# Palit GeForce RTX 2060 Gaming Pro OC 6 GB



## W1zzard (Jan 15, 2019)

Palit's GeForce RTX 2060 Gaming Pro OC is the most affordable custom design RTX 2060 we've reviewed so far, yet it comes with the best cooler, reaching temperatures of only 68°C under load. Unfortunately, idle-fan-stop is missing, but the card makes up for it with extremely quiet idle noise levels.

*Show full review*


----------



## bug (Jan 15, 2019)

This looks like a better buy than the EVGA. About the same boost clock, $20 less. One less DP though which is either a non-issue or a deal breaker, depending on whether you need it. Zotac and Manli seem to have gone the right way here and add all modern ports while discarding DVI.


----------



## unikin (Jan 15, 2019)

Whisper quiet is not silent. Any GPU that costs north of $200 should have passive idle cooling solution in place in 2019. If power hungry Polaris and Vega can be passively cooled in idle, so can be RTX. I will never again buy GPU without semi passive coolers.


----------



## bug (Jan 15, 2019)

unikin said:


> Whisper quiet is not silent. Any GPU that costs north of $200 should have passive idle cooling solution in place in 2019. If power hungry Polaris and Vega can be passively cooled in idle, so can be RTX. I will never again buy GPU without semi passive coolers.


Whisper quiet is unlikely to be heard over the other fans in your case (PSU and CPU). Idle turn-off requires higher quality fans (continuously turning on/off is more stressful) and is a bit more expensive to pull off. To me this just a nice to have.


----------



## W1zzard (Jan 15, 2019)

unikin said:


> Whisper quiet is not silent. Any GPU that costs north of $200 should have passive idle cooling solution in place in 2019. If power hungry Polaris and Vega can be passively cooled in idle, so can be RTX. I will never again buy GPU without semi passive coolers.


I agree completely


----------



## INSTG8R (Jan 15, 2019)

unikin said:


> Whisper quiet is not silent. Any GPU that costs north of $200 should have passive idle cooling solution in place in 2019. If power hungry Polaris and Vega can be passively cooled in idle, so can be RTX. I will never again buy GPU without semi passive coolers.


Yet I couldn’t wait to turn it off on my Vega. Fave new driver feature was being able to disable “Zero fan” 40C idle vs 25C with the minimum speed available.


----------



## unikin (Jan 15, 2019)

INSTG8R said:


> Yet I couldn’t wait to turn it off on my Vega. Fave new driver feature was being able to disable “Zero fan” 40C idle vs 25C with the minimum speed available.



Why not? Up to 60C is completely acceptable non harmful temp for GPU when passively cooled.


----------



## INSTG8R (Jan 15, 2019)

unikin said:


> Why not? Up to 60C is completely acceptable non harmful temp for GPU when passively cooled.

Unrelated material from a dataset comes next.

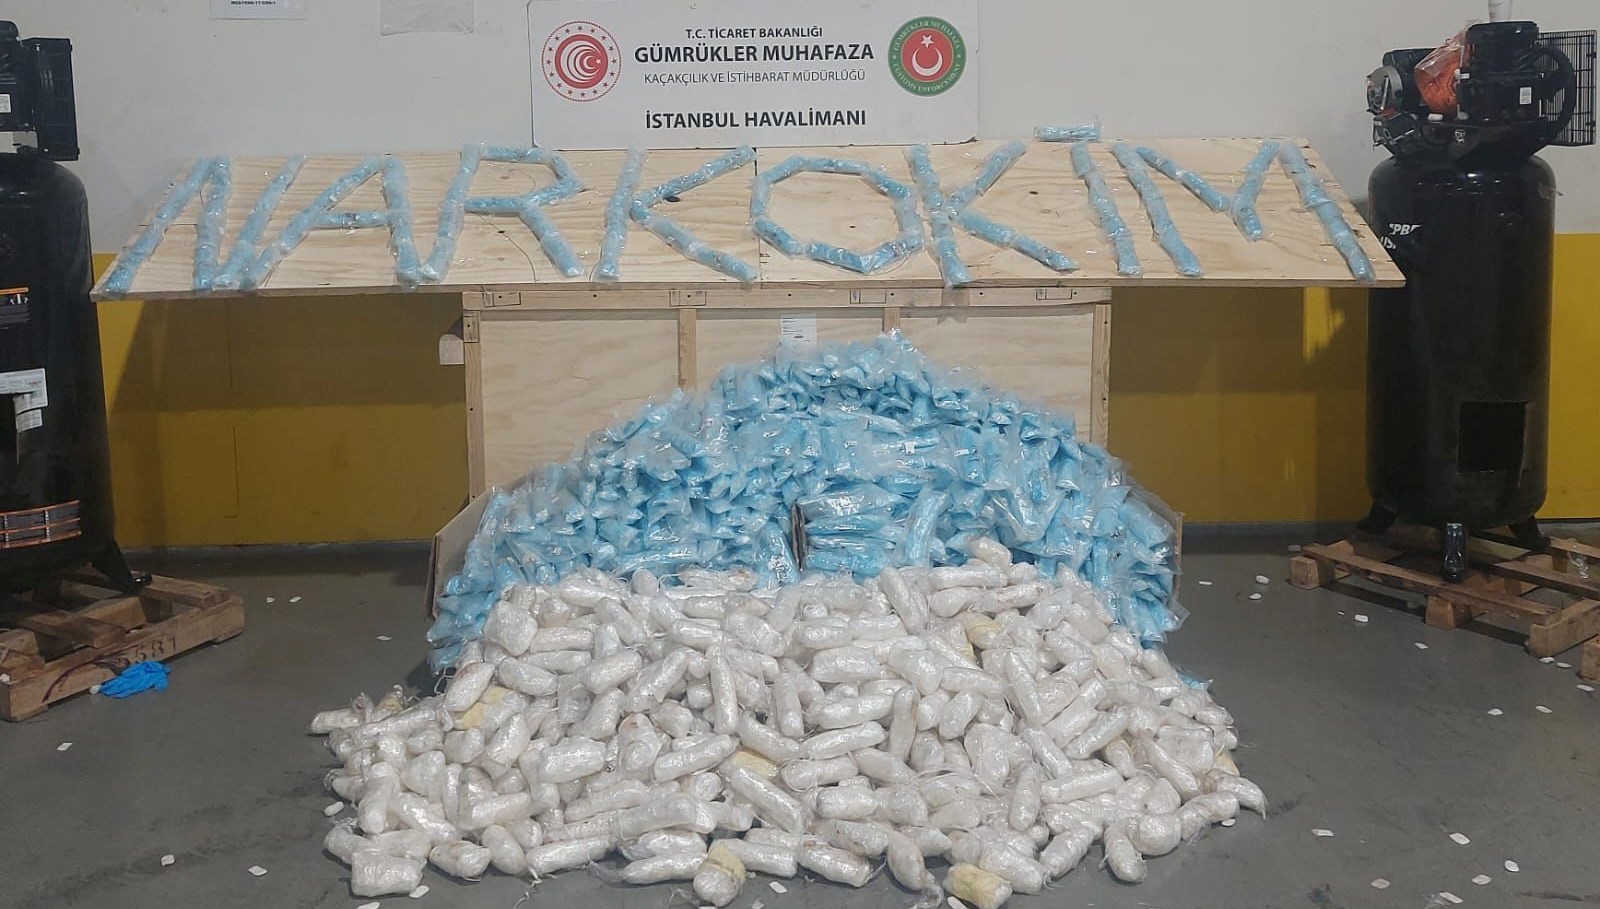 İstanbul Havalimanı’nda 427 kilogram metamfetamin ele geçirildi

I just don’t like it idling the high heck I’d even be happy with 35 but redoing it with a Kryonaut only got me a couple if degrees now it’s practically ambient and I certainly don’t hear it either.


----------



## unikin (Jan 15, 2019)

bug said:


> Whisper quiet is unlikely to be heard over the other fans in your case (PSU and CPU). Idle turn-off requires higher quality fans (continuously turning on/off is more stressful) and is a bit more expensive to pull off. To me this just a nice to have.



My gaming rig is completely silent when I don't do gaming. PSU is semi passive Corsair RMx 650 (fan starts at 330 W so never in my rig), use only SSDs (so no sound there), use open case with all fans turned off and 2x120 mm fans on scythe mugen 5 pcgh edition CPU cooler spinning at 300 rpm. CPU temp is 39C on core 0 and 30C other 5 cores when in idle (up to 20 % CPU usage) and 45-55C under 100 % load. Dead silent PC configuration. My room noise at night is 27 dBA and PC noise doesn't surpass room's "noise" level.


----------



## bug (Jan 15, 2019)

unikin said:


> My gaming rig is completely silent when I don't do gaming. PSU is semi passive Corsair RMx 650 (fan starts at 330 W so never in my rig), use only SSDs (so no sound there), use open case with all fans turned off and 2x120 mm fans on scythe mugen 5 pcgh edition CPU cooler spinning at 300 rpm. CPU temp is 39C on core 0 and 30C other 5 cores when in idle (up to 20 % CPU usage) and 45-55C under 100 % load. Dead silent PC configuration. My room noise at night is 27 dBA and PC noise doesn't surpass room's "noise" level.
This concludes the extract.